Il panorama automobilistico ha subito un enorme cambiamento negli ultimi anni. Mentre le preferenze dei consumatori si orientano verso l’utilità e la presenza imponente dei SUV, il segmento delle “super berline”, un tempo prestigioso, sta rapidamente svanendo verso l’obsolescenza. Nel mezzo di questa transizione, l’Aston Martin Rapide AMR si erge come una reliquia provocatoria e ad alte prestazioni di un’era definita da sagome basse e motori massicci.
Un cambiamento nelle dinamiche di mercato
Per gran parte dell’ultimo decennio, i produttori di lusso si sono concentrati sulle berline ad alte prestazioni per competere con vetture del calibro di Maserati e Bentley. Tuttavia, i numeri raccontano una storia diversa per quanto riguarda la loro fattibilità commerciale.
L’Aston Martin Rapide, prodotta tra il 2010 e il 2020, ha visto meno di 10.000 unità prodotte nel corso dei suoi dieci anni di vita. In netto contrasto, l’Aston Martin DBX, il SUV di lusso dedicato del marchio, ha superato lo stesso volume di produzione in soli quattro anni. Questa tendenza evidenzia un movimento del settore più ampio: anche i marchi più esotici stanno dando priorità alla versatilità dei SUV per soddisfare la domanda globale.
L’AMR: un raro picco di prestazioni
Mentre la Rapide standard offriva lusso, l’edizione AMR (Aston Martin Racing) è stata progettata per coloro che cercano un impegno puro. Rilasciato a metà del 2818, l’AMR è una variante incredibilmente rara, con solo 210 esemplari mai prodotti.
Il cuore di questa macchina è un motore V12 aspirato da 5,9 litri. Per elevarne le prestazioni, gli ingegneri Aston Martin hanno implementato diversi aggiornamenti chiave:
– Flusso d’aria migliorato: Nuovi collettori di aspirazione e diversi canali a doppia entrata.
– Software ottimizzato: Gestione raffinata del motore per estrarre più potenza.
– Maggiore potenza: le modifiche spingono il motore a 580 CV e 465 lb-ft di coppia.
Questa potenza viene erogata attraverso un cambio automatico a otto velocità alle ruote posteriori, offrendo un’esperienza di guida che privilegia l’anima meccanica rispetto all’assistenza digitale.
Estetica e Collezionismo
Un esemplare specifico di questo raro modello è recentemente apparso sul sito di aste Bring a Trailer. Questa particolare unità presenta un’estetica discreta e monocromatica, caratterizzata da:
– Esterno nero abbinato a cerchi neri da 21 pollici abbinati.

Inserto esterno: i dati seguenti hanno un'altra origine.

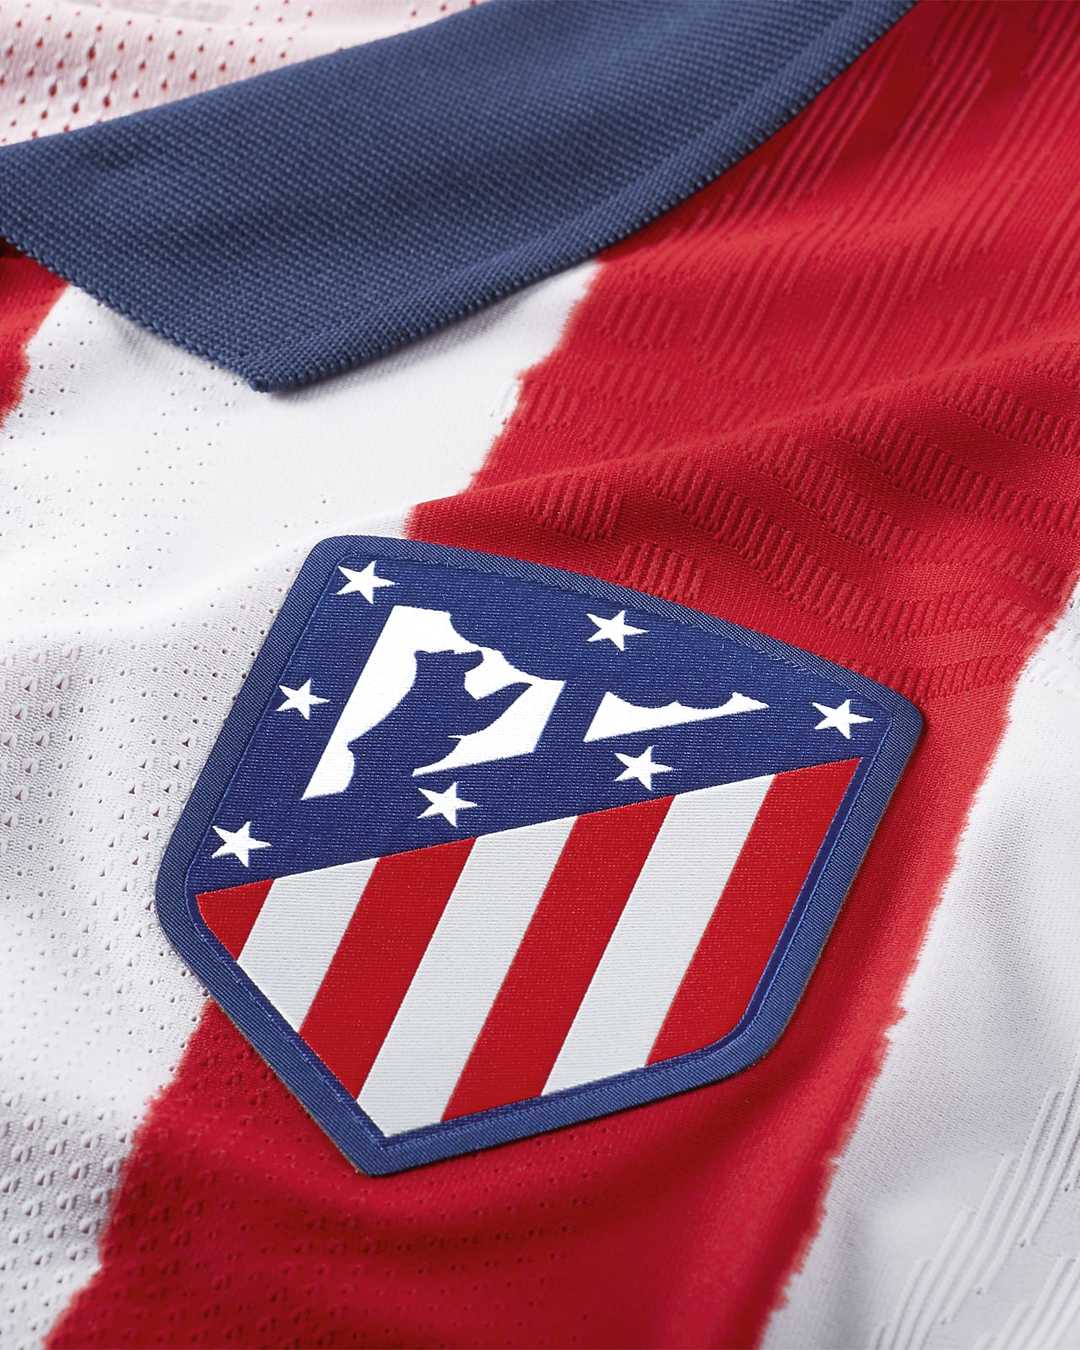 20/21 Atlético de Madrid Home Red&White Stripes Men Jersey Jersey - Click Image to Close
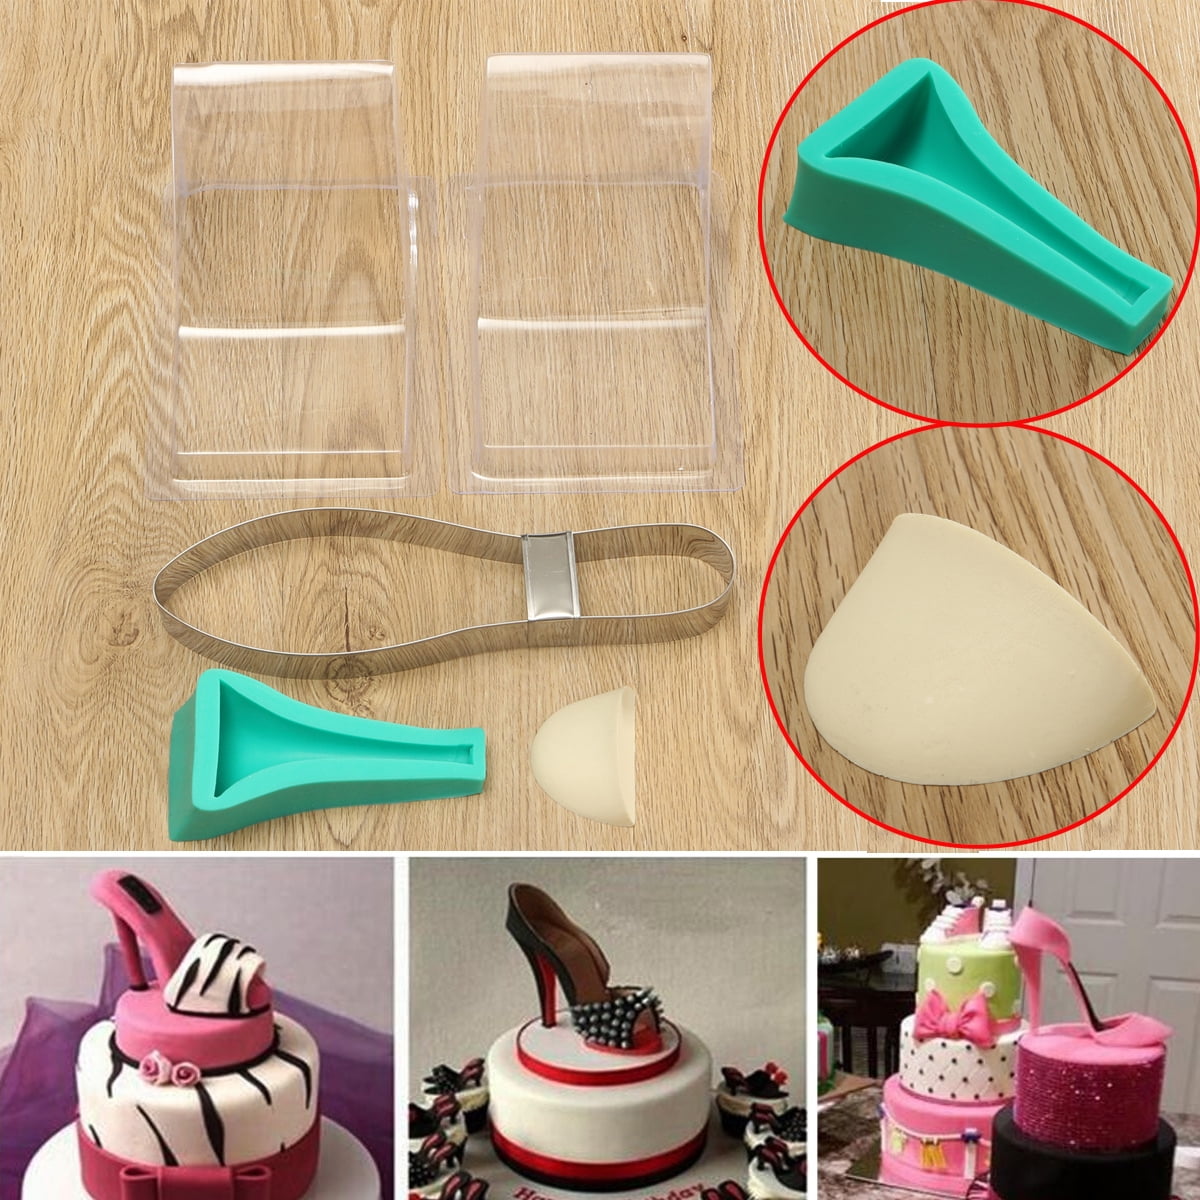 Kit Moulds Cake Soap Mould 3D Sneaker Cake Decorating Tools Pastry Fondant Mold

– Interni oscurati fortemente accentuati da fibra di carbonio opaca sul cruscotto e sul tunnel di trasmissione.
– Un sistema audio premium Bang & Olufsen.
Con 28.000 miglia sul contachilometri, l’auto rappresenta un ponte tra un guidatore quotidiano ad alte prestazioni e un oggetto da collezione.
Perché è importante
In un mercato saturo di crossover elettrici e SUV pesanti, la Rapide AMR occupa una nicchia sempre più piccola. Il suo unico vero rivale contemporaneo in termini di configurazione del motore è la Ferrari Purosangue, ma la Ferrari ha un prezzo che supera di gran lunga i 500.000 dollari.
La disponibilità di una berlina con motore V12 e trazione posteriore offre uno sguardo su una filosofia di guida in via di estinzione, dove la cilindrata del motore e l’eleganza aerodinamica hanno la precedenza sullo spazio di carico e sull’altezza da terra.
Mentre l’industria si muove verso l’elettrificazione e altezze di marcia più elevate, esemplari rari come la Rapide AMR fungono da segni di punteggiatura finali e ruggenti nell’era delle grandi gran turismo V12.